- Source material:

════════

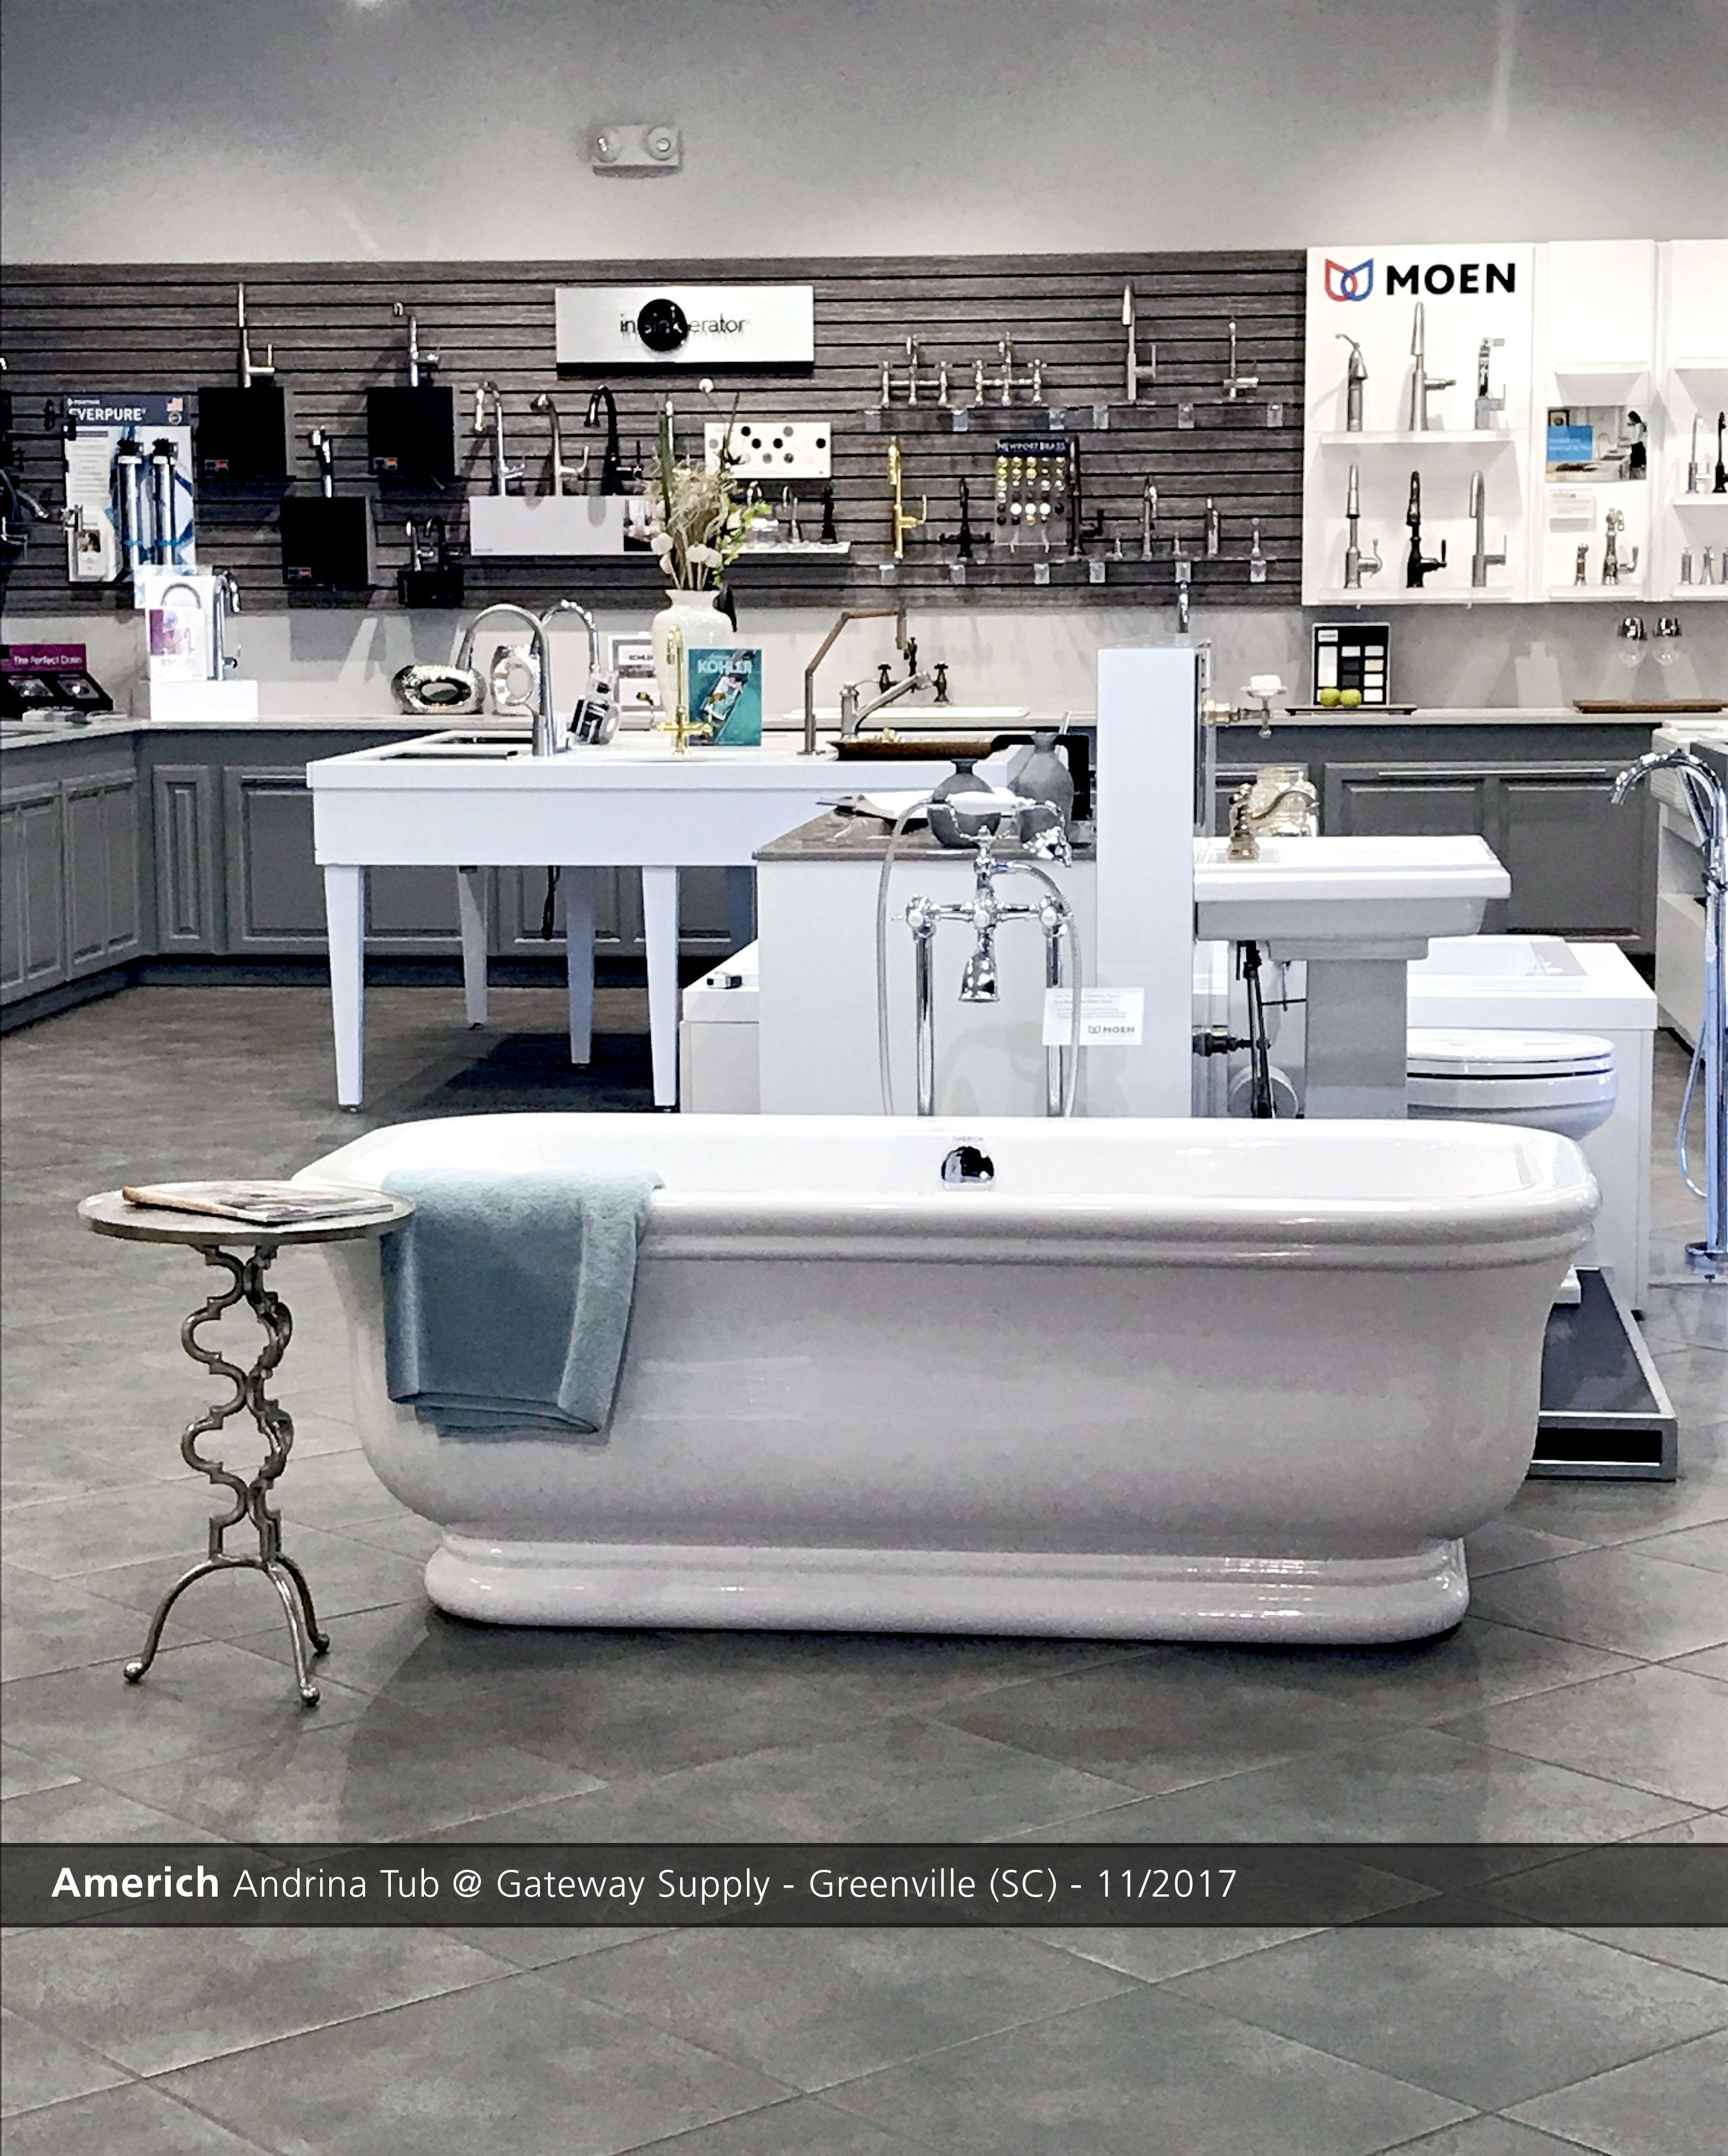 Coastal Plumbing Supply Kitchen Bath Showroom: Americh Andrina Tub @ Gateway Supply
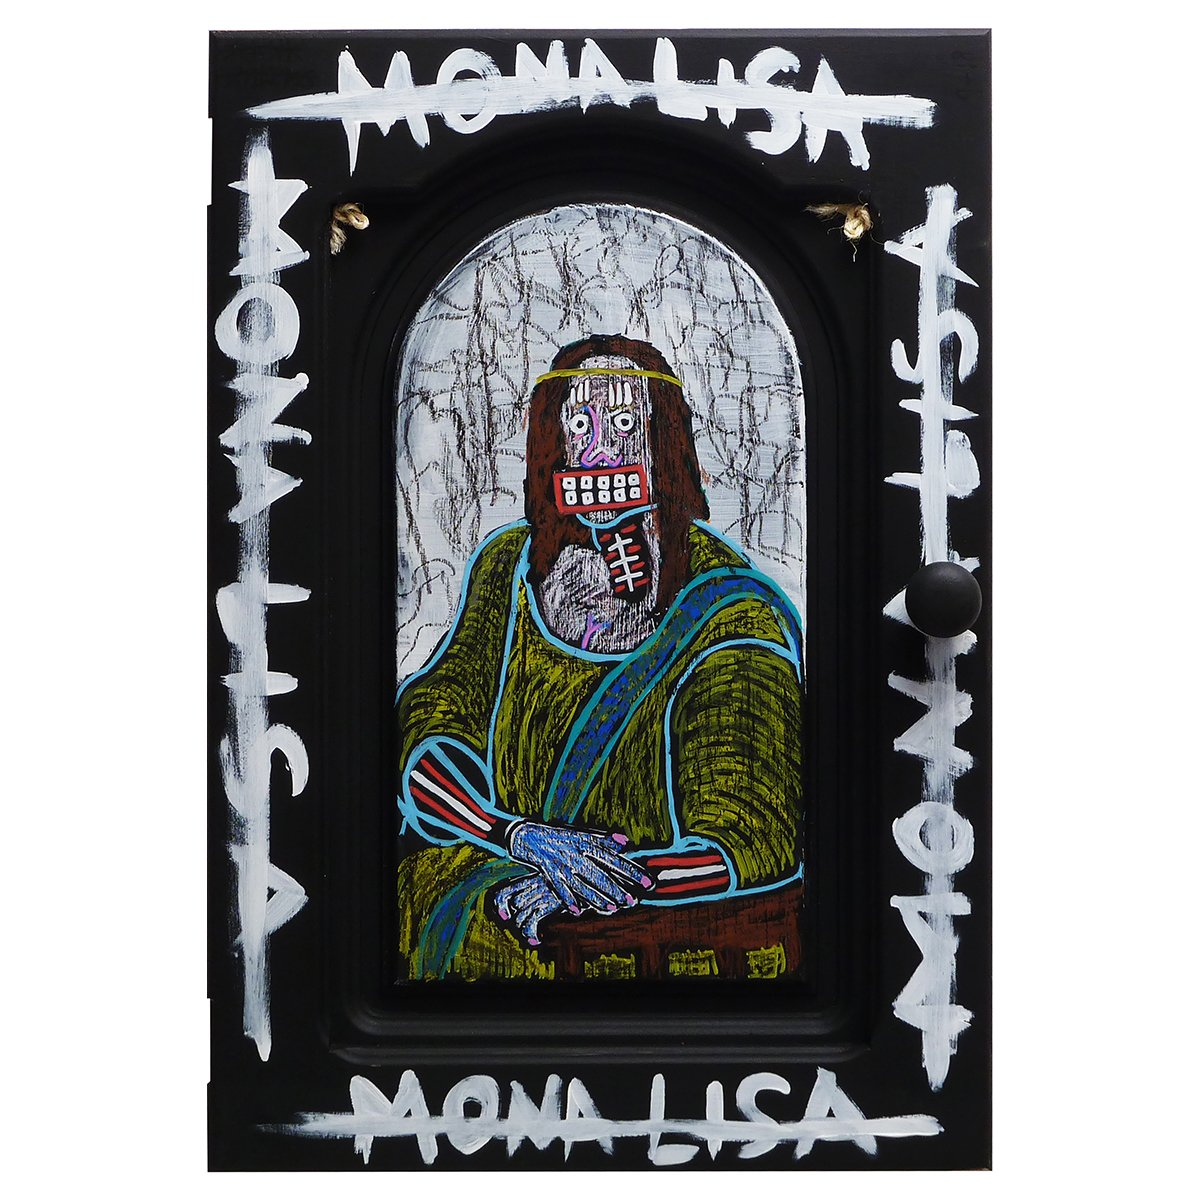 MONA LISA - Frank Willems
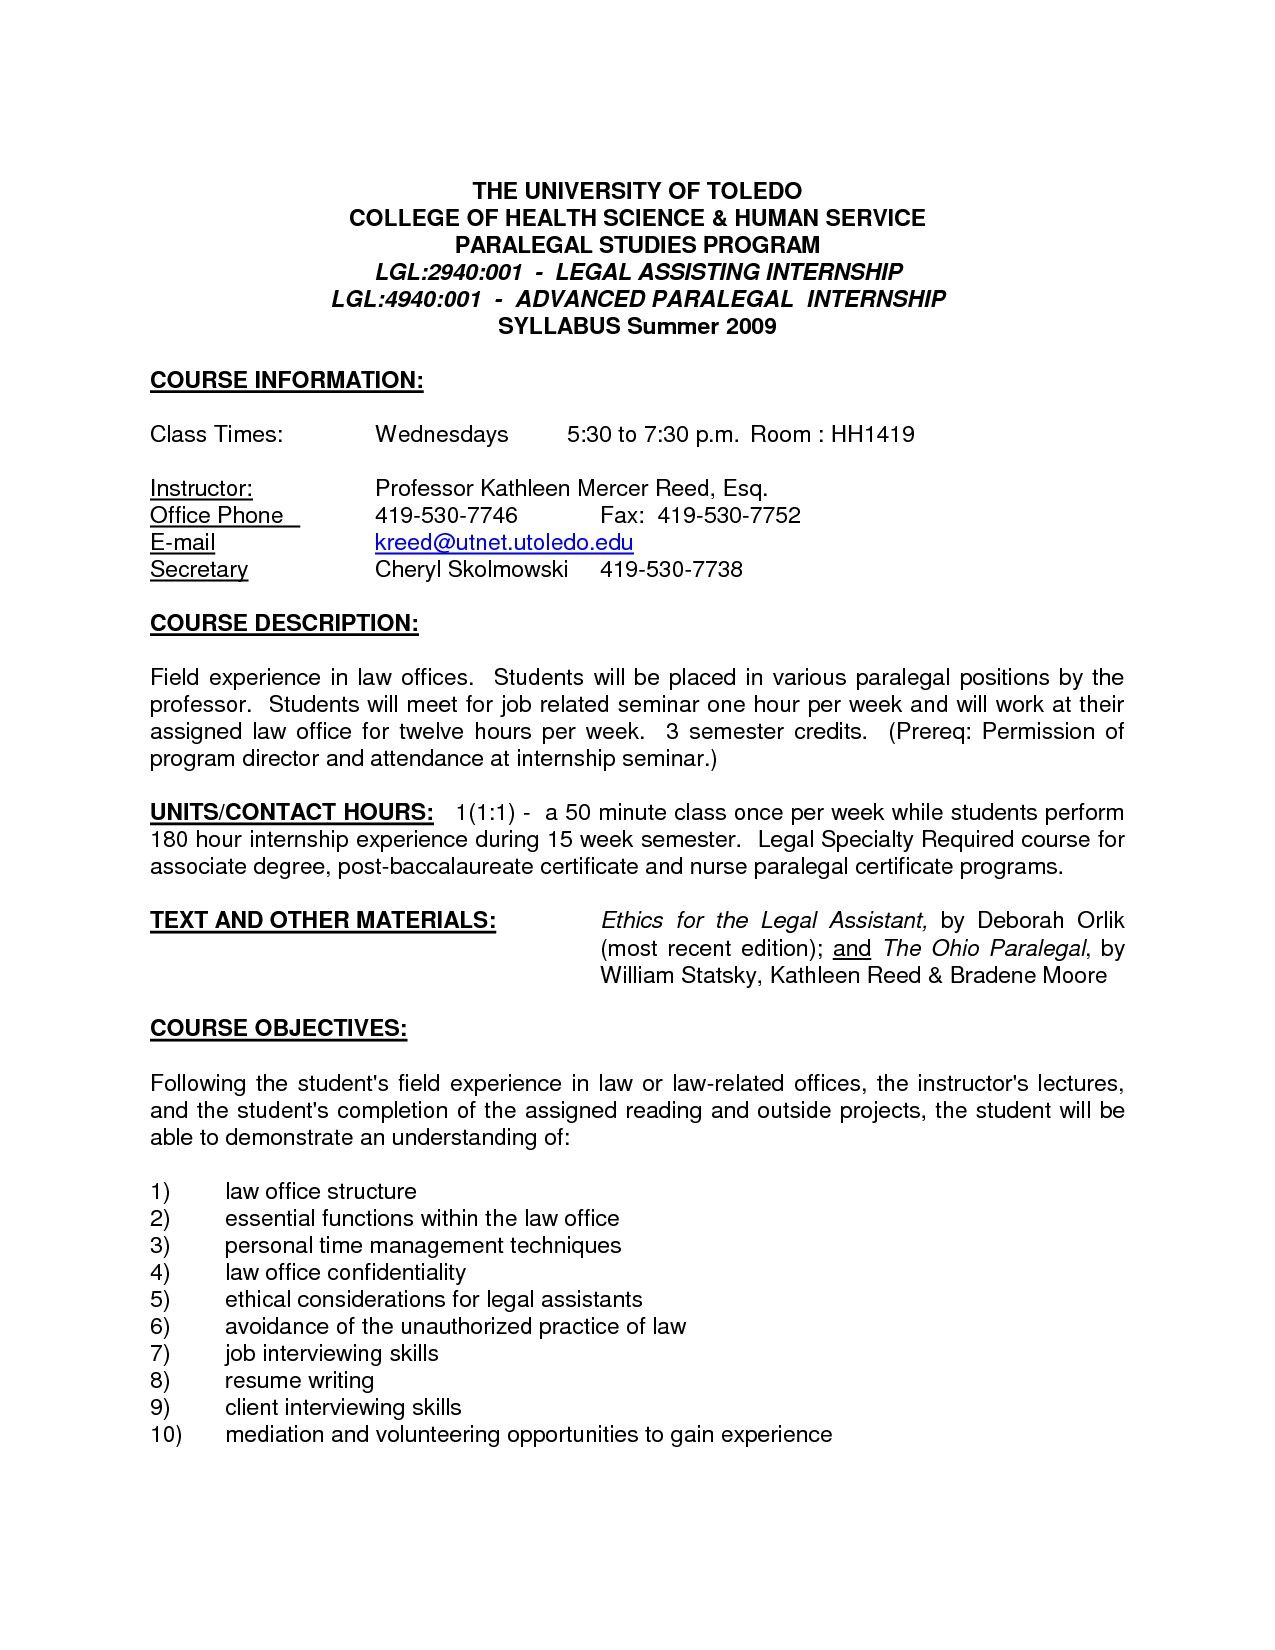 Best Refrence Valid Sample Of Application Letter For A Bank Clerk By Httpwaldwert Visit Details Ht Cover Letter For Resume Cover Letter Tips Job Cover Letter

════════

- What needs to be done: Pictures aside, reproduce all of the material above without alteration.

- Exercise response:
 Coastal Plumbing Supply Kitchen Bath Showroom: Americh Andrina Tub @ Gateway Supply
 MONA LISA - Frank Willems
 Best Refrence Valid Sample Of Application Letter For A Bank Clerk By Httpwaldwert Visit Details Ht Cover Letter For Resume Cover Letter Tips Job Cover Letter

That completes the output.